- [Prompt] When you transcribe the listing, keep each line exact and drop the pictures.

- [Data segment]
****************
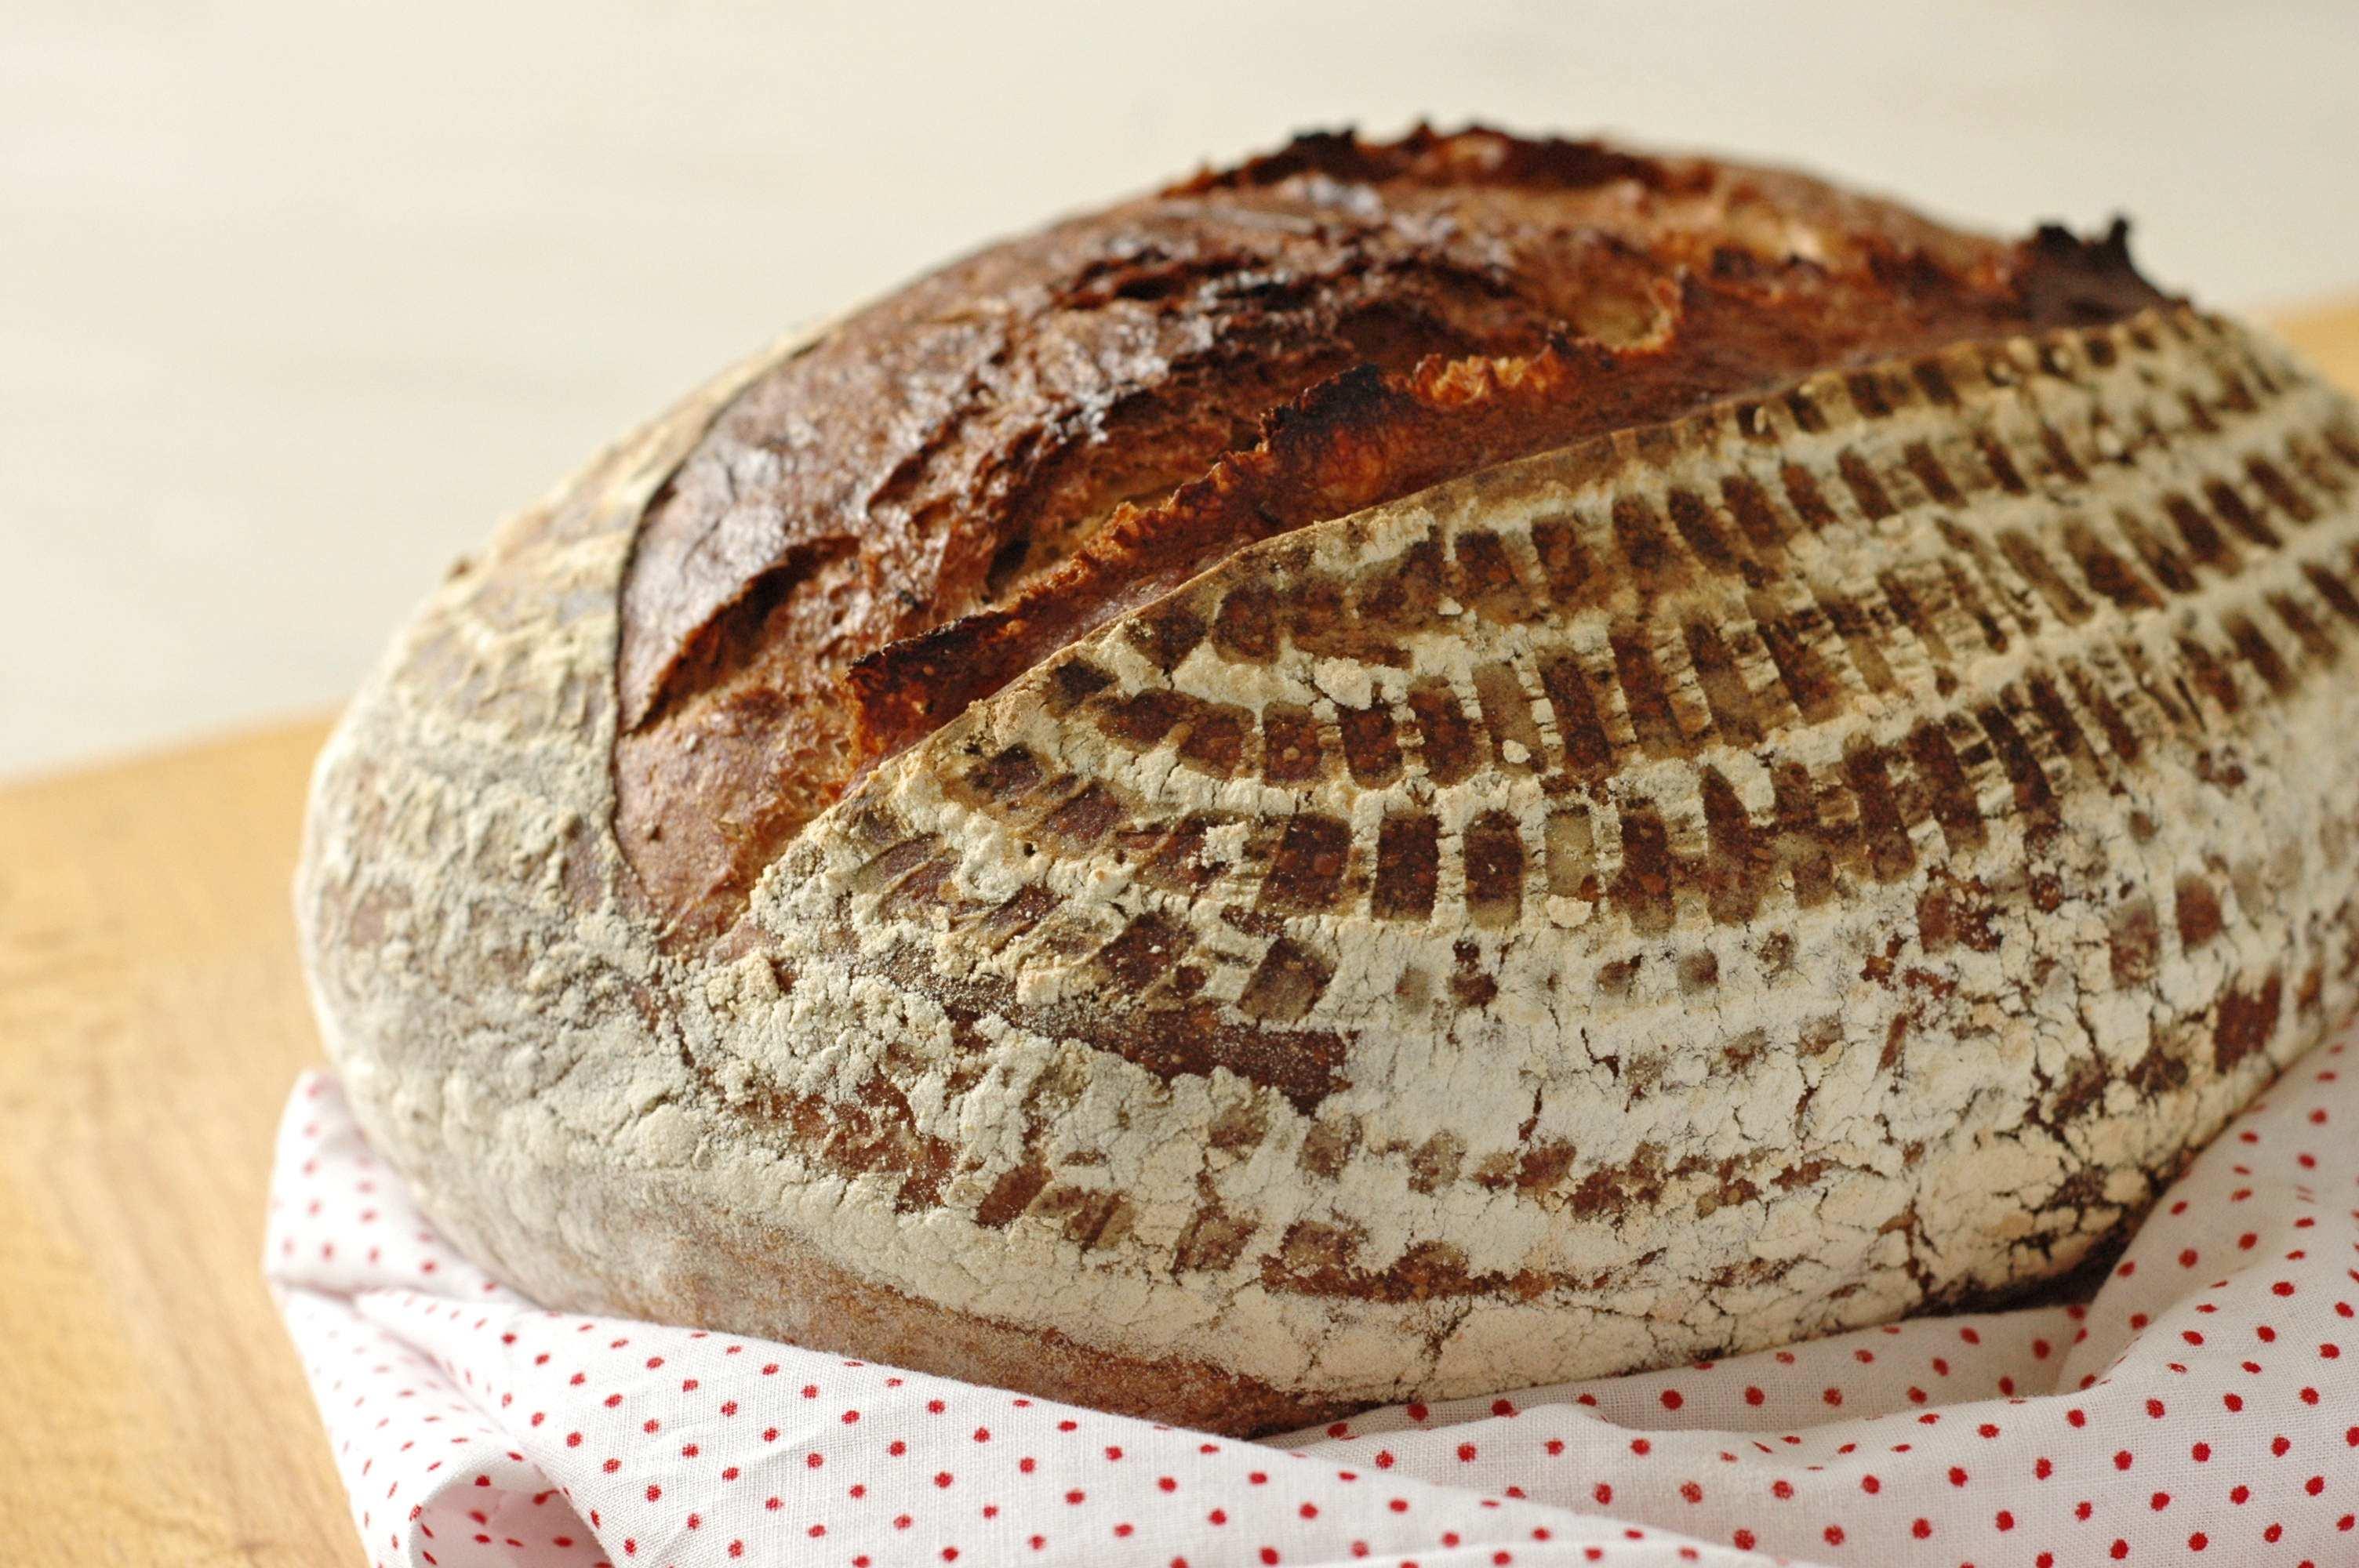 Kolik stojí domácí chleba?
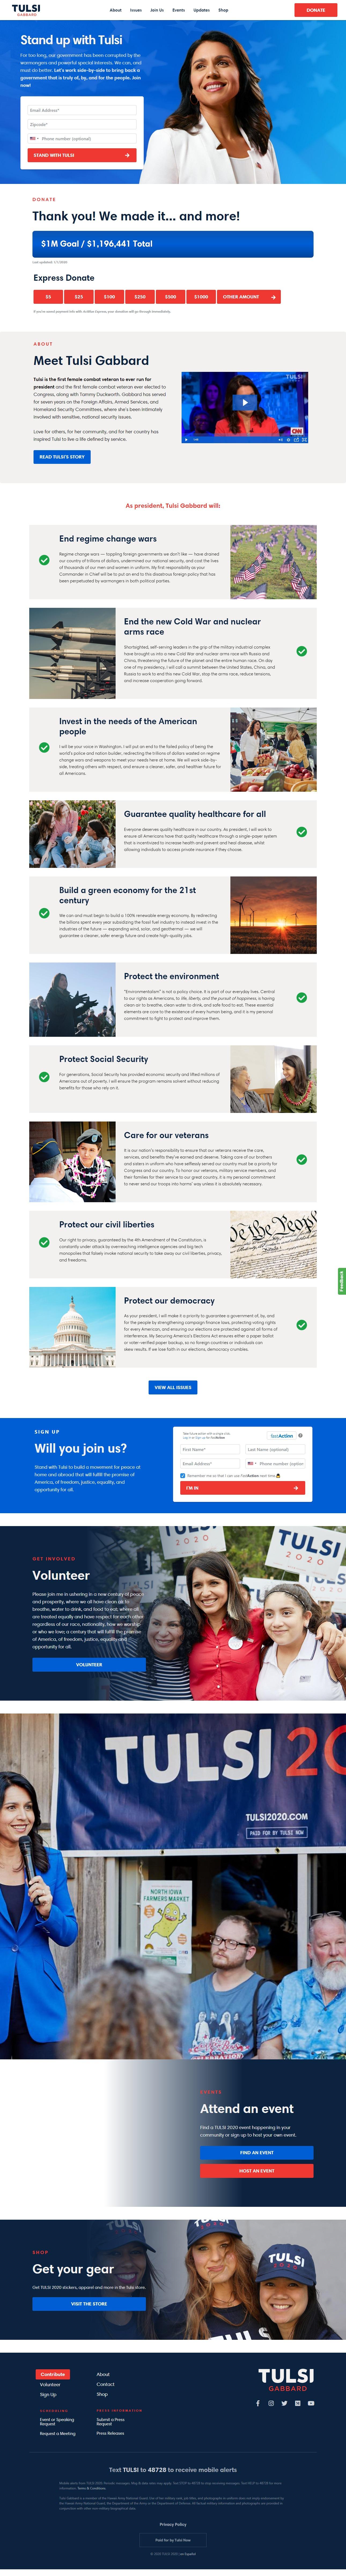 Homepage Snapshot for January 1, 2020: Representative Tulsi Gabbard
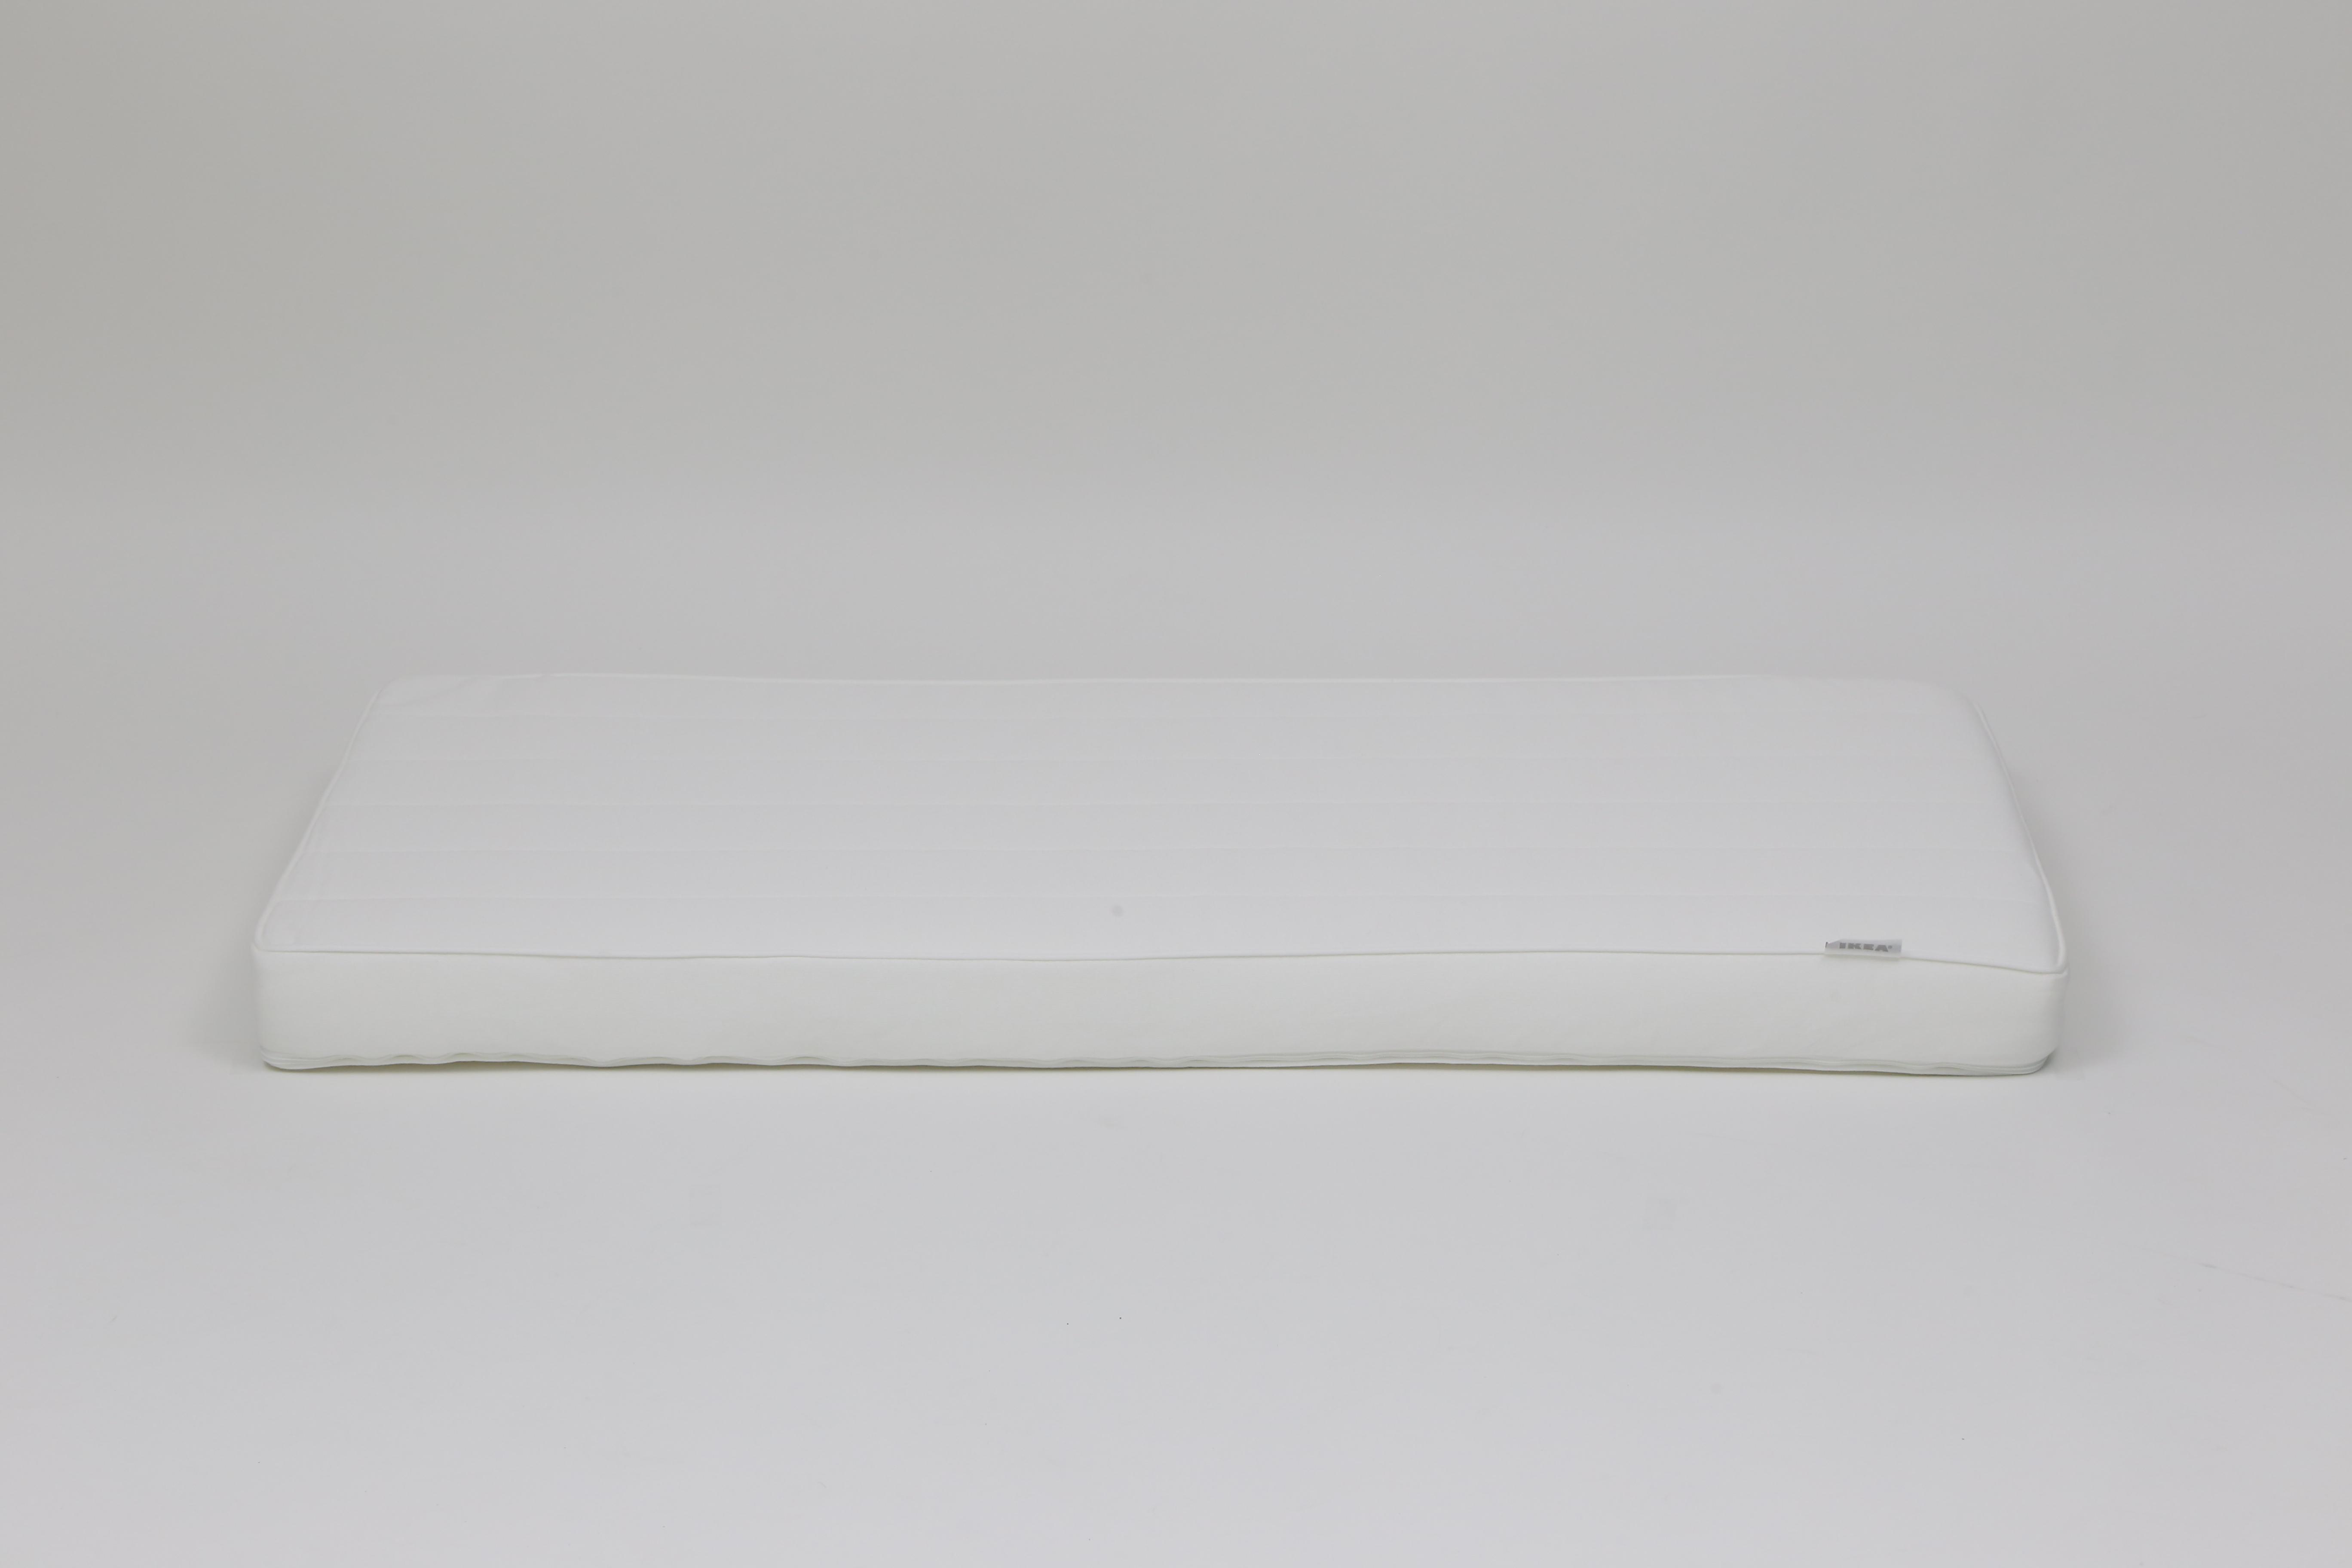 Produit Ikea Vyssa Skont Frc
****************
- [Your response]
 Kolik stojí domácí chleba?
 Homepage Snapshot for January 1, 2020: Representative Tulsi Gabbard
 Produit Ikea Vyssa Skont Frc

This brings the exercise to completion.